Yesterday President Joseph Aoun hosted a forum for the university community to discuss further implementation of the Academic Initiative Plan and reflect on the accomplishments and failures of the previous year.

In the 90-minute session, Aoun focused on experiential learning, academic research, an interdisciplinary approach to education and developing a connection to the university. He also talked about fundraising, which increased 60 percent in the last year.

“Fundraising is an investment, and people are investing in us [as a university], people are investing in you [the faculty],” he said.

Aoun said fundraising must be more dispersed than it was in established systems. Now, departments are responsible for much of their own fundraising, part of a move to decentralize the university’s operations from a reliance on the administration.

“I have a very big weakness for excellence, and a commitment to the Academic Initiative in its entirety,” Aoun said, stressing that the most important changes in the future of the university will be rooted in improving academics at Northeastern.

“We have worked to move resources to focus on academic programs,” Aoun said.

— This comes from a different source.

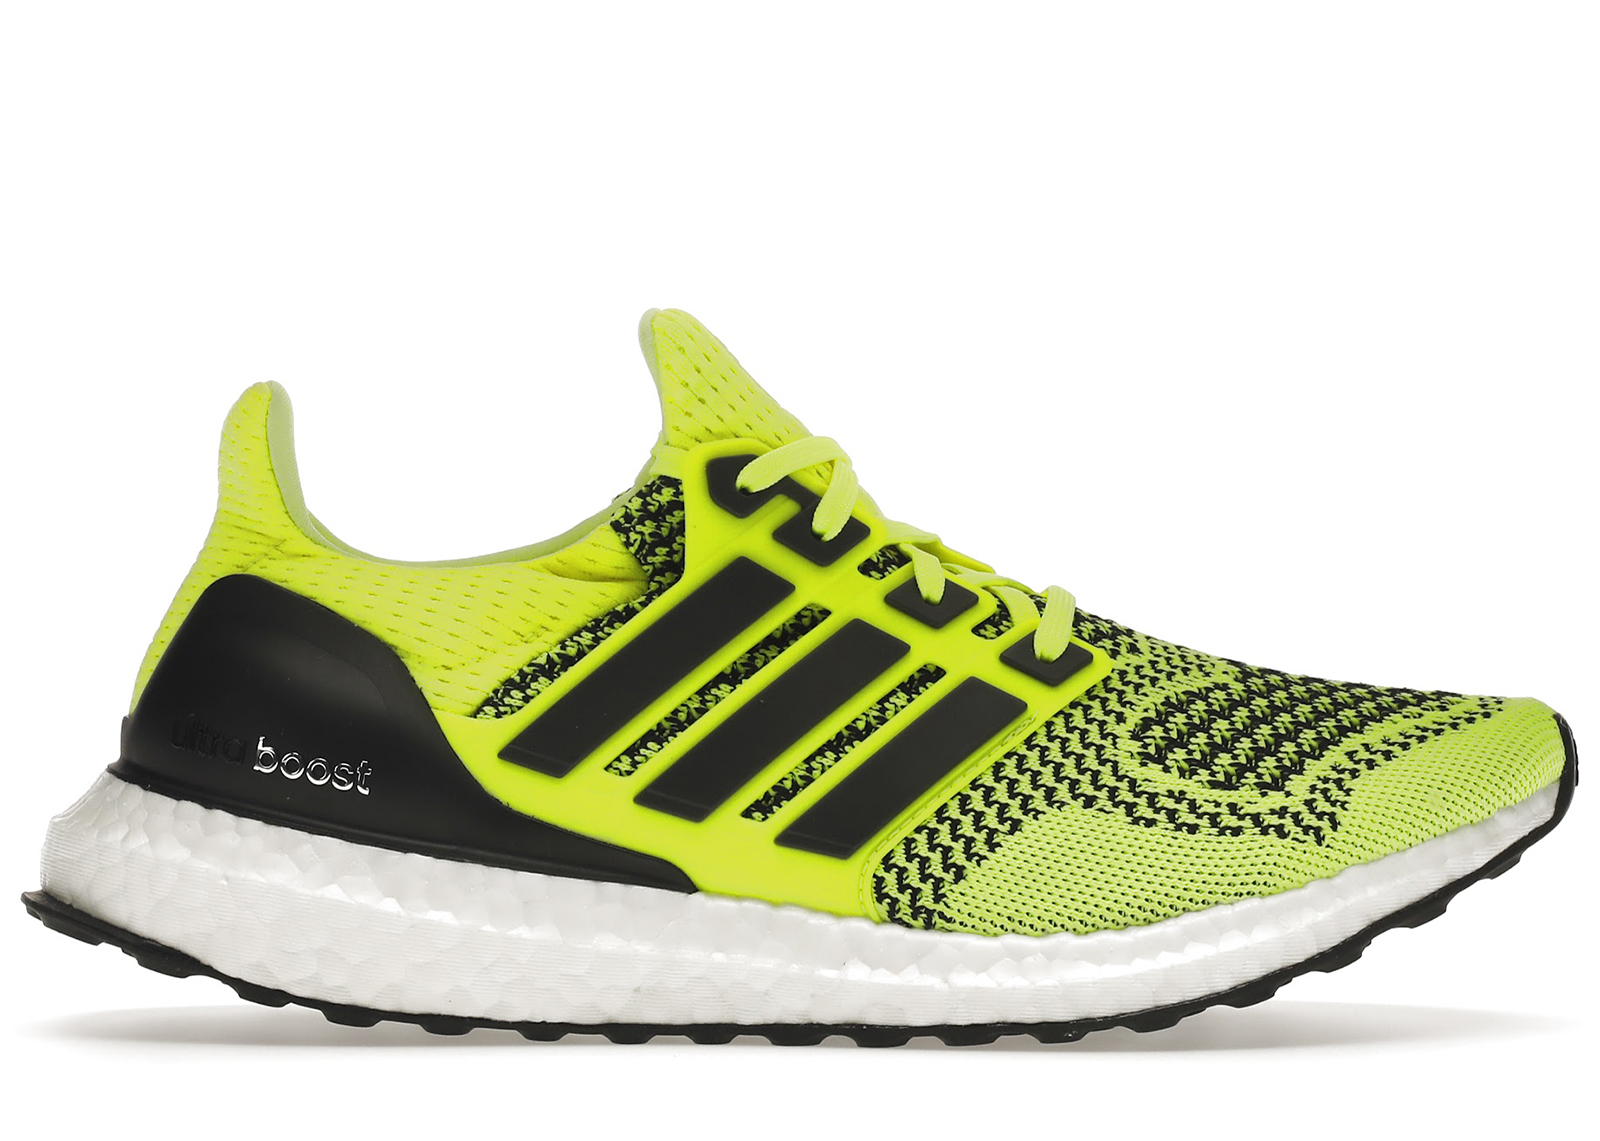 ultra boost 1.0 solar yellow release

Aoun said that in manys ways Northeastern cannot physically meet its own needs as it seeks to mature and develop its academic prospects.

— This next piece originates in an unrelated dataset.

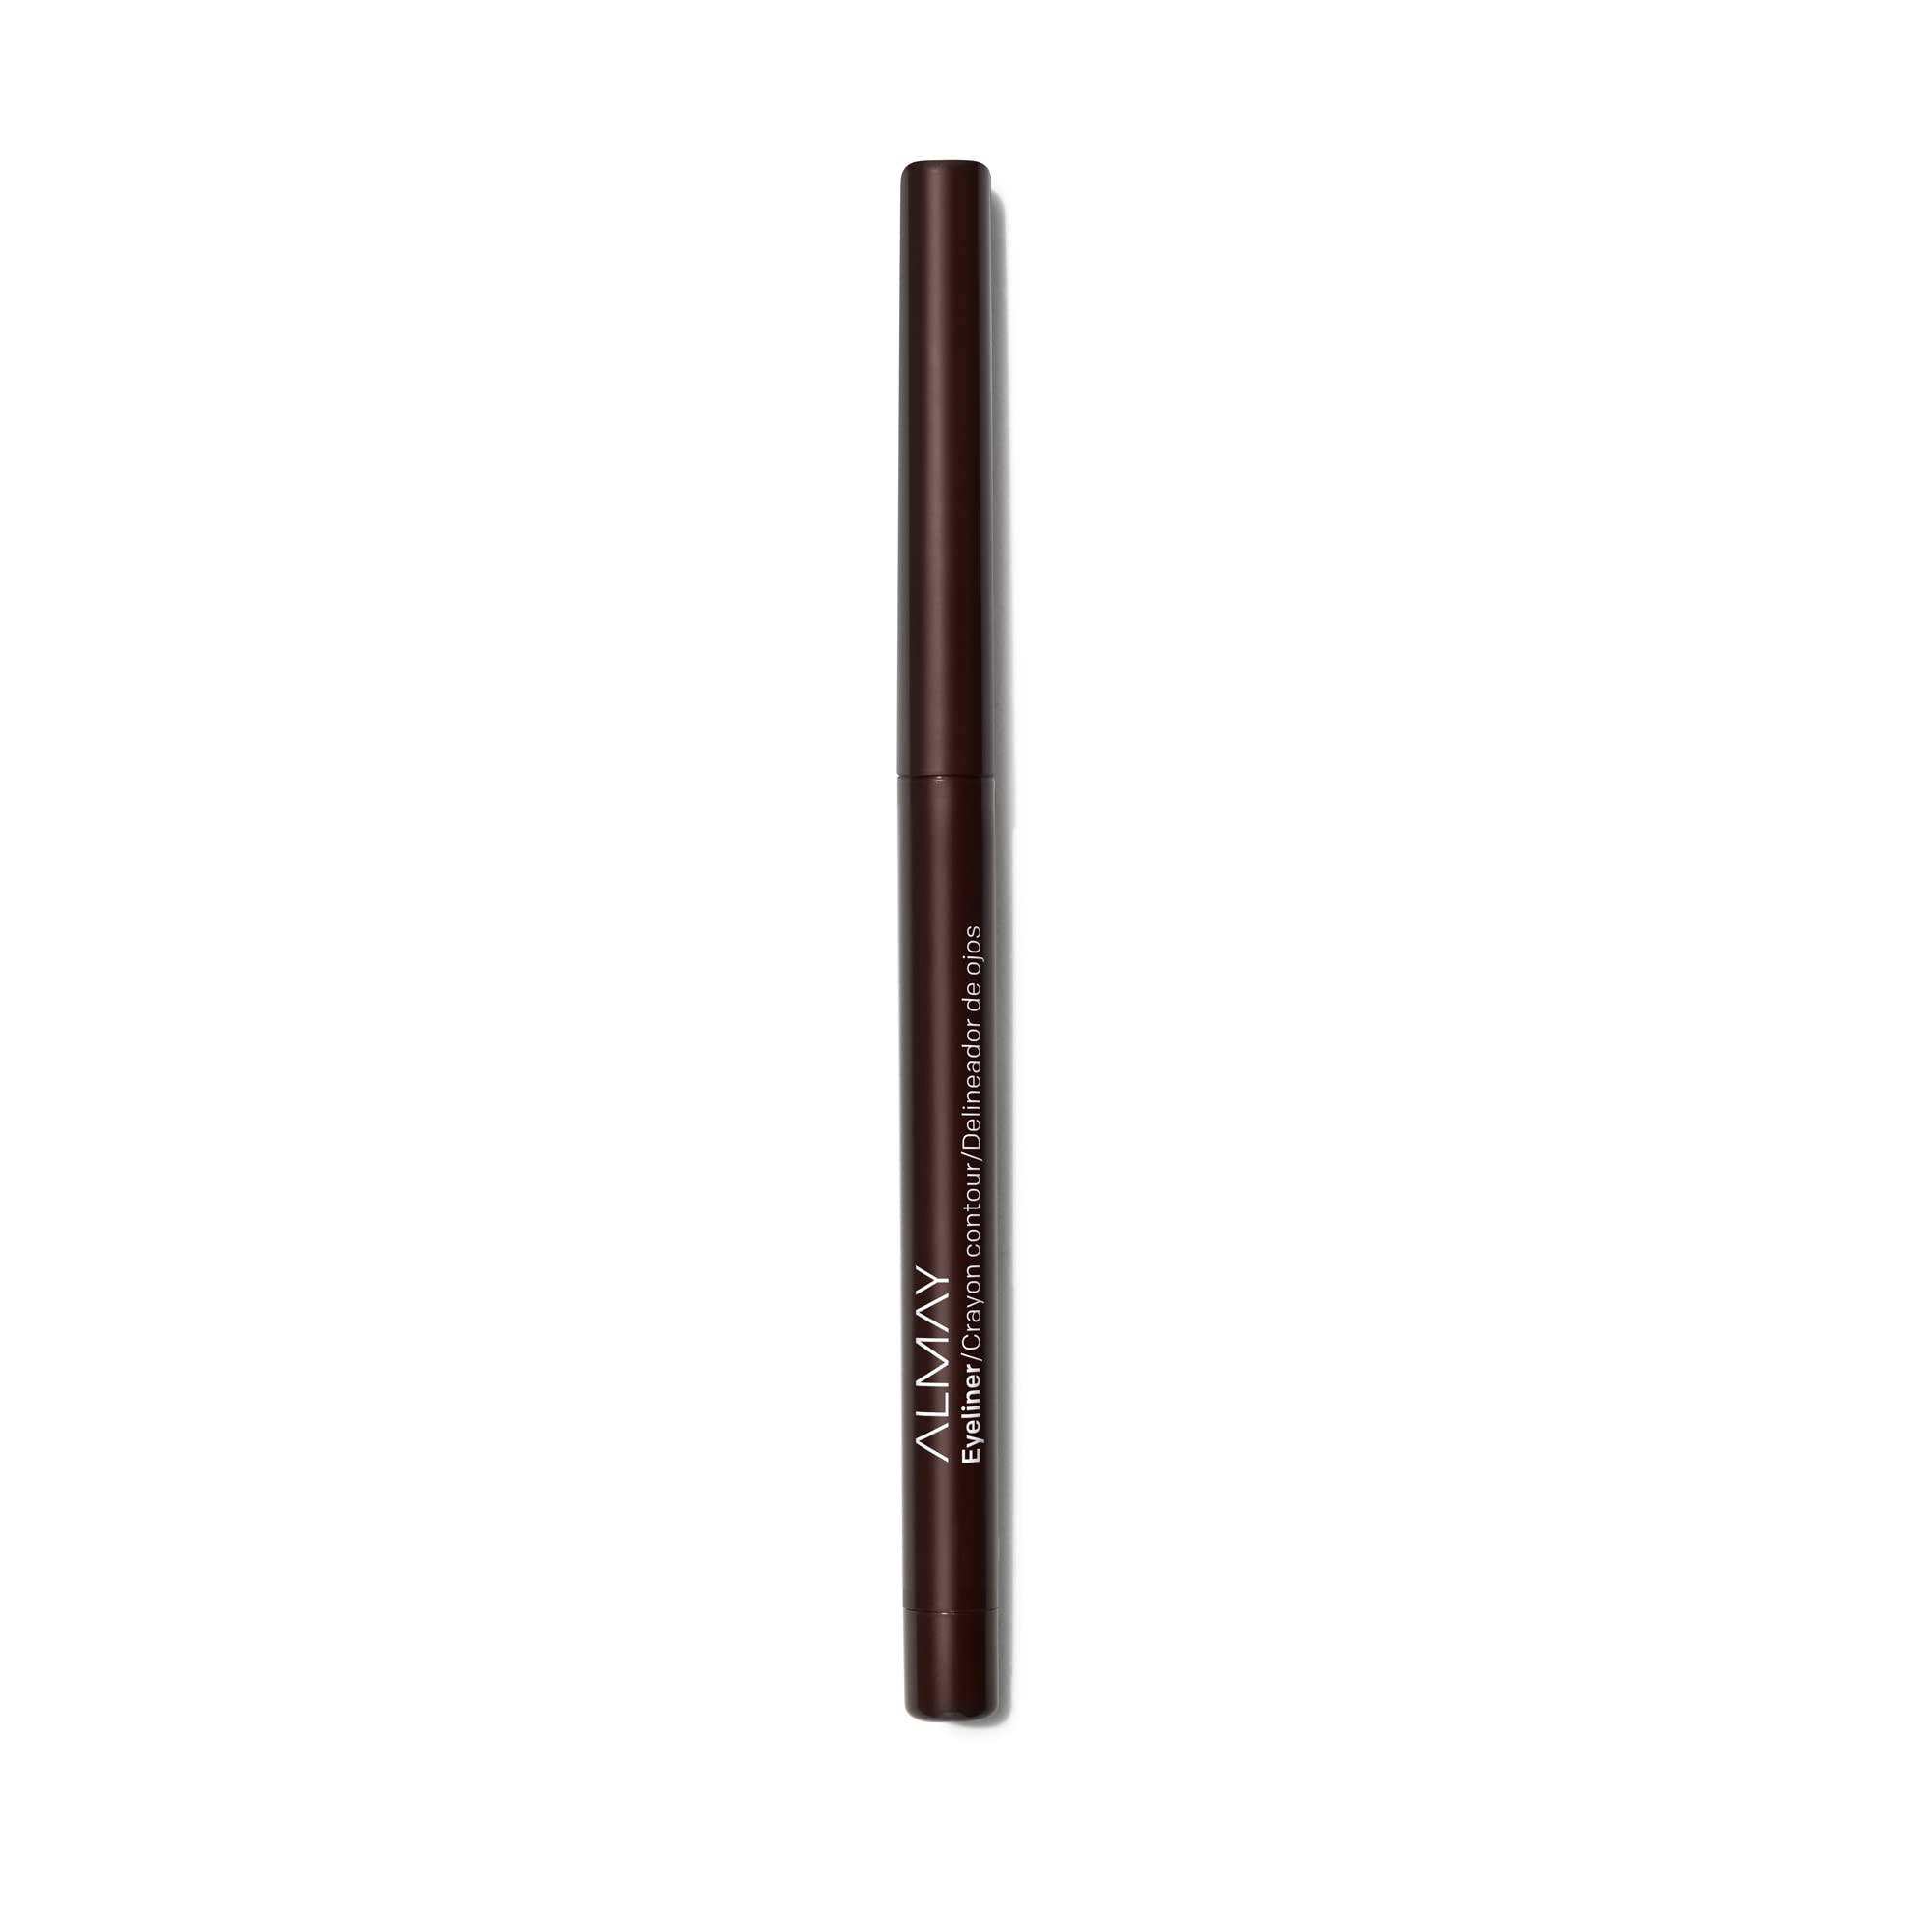 Almay Eyeliner Pencil, Hypoallergenic, Cruelty Free, Oil Free, unscented, Ophthalmologist Tested, Long Wearing and Water Resistant, with Built in Sharpener, 209 Black Raisin, 0.01 oz

“I have to be very direct with you, very candid, very honest. There is a discrepancy between who we are and our systems and programs. The infrastructure doesn’t match Northeastern’s goals,” Aoun said about an emerging issue of academic space.

Aoun recognized the issue of the Northastern campus expanding into the community.

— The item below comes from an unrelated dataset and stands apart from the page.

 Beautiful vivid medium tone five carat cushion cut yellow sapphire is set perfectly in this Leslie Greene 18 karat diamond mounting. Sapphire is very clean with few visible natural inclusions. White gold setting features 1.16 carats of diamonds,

“We are going to face issues of space,” he said. “Now you know the focus of the university [in the past] has been on dorms. And there is nothing wrong with that. But we need to focus on new research space and facilities.”

Aoun, in an interview with The News said to “stay tuned” for information about new building projects.

After a question about merit and cost-of-living wage increases, criminal justice professor James Alan Fox said more than half of the faculty had not yet responded to a Faculty Senate survey asking for input so they could reach a consensus on compensation issues.

Carol Glod, chair of the Faculty Senate Agenda Committee, who addressed the crowd before Aoun, discussed the relationship between the number of tenure-track faculty and the Academic Initiative Plan.

“There has been a dip in terms of tenure-line and tenure-track faculty [in the past few years],” Glod said. “But the Academic Initiative Plan is bringing a slow but steady increase … a fundamental change.”

Aoun admitted mistakes had been made in dealing with tenure-track faculty, mostly because the process had been “one size fits all” when it should be decentralized to the colleges and departments.

“I think we made mistakes. We made mistakes because [tenure procedures were] a one size fits all approach. The faculty and deans need to move away from a centralized approach [to tenure],” Aoun said at the meeting.

Aoun said that in order for the university to continue to improve its reputation as a world-class research university, it must focus more on Ph.D programs and graduate leadership, as well as continue to focus on research in all departments.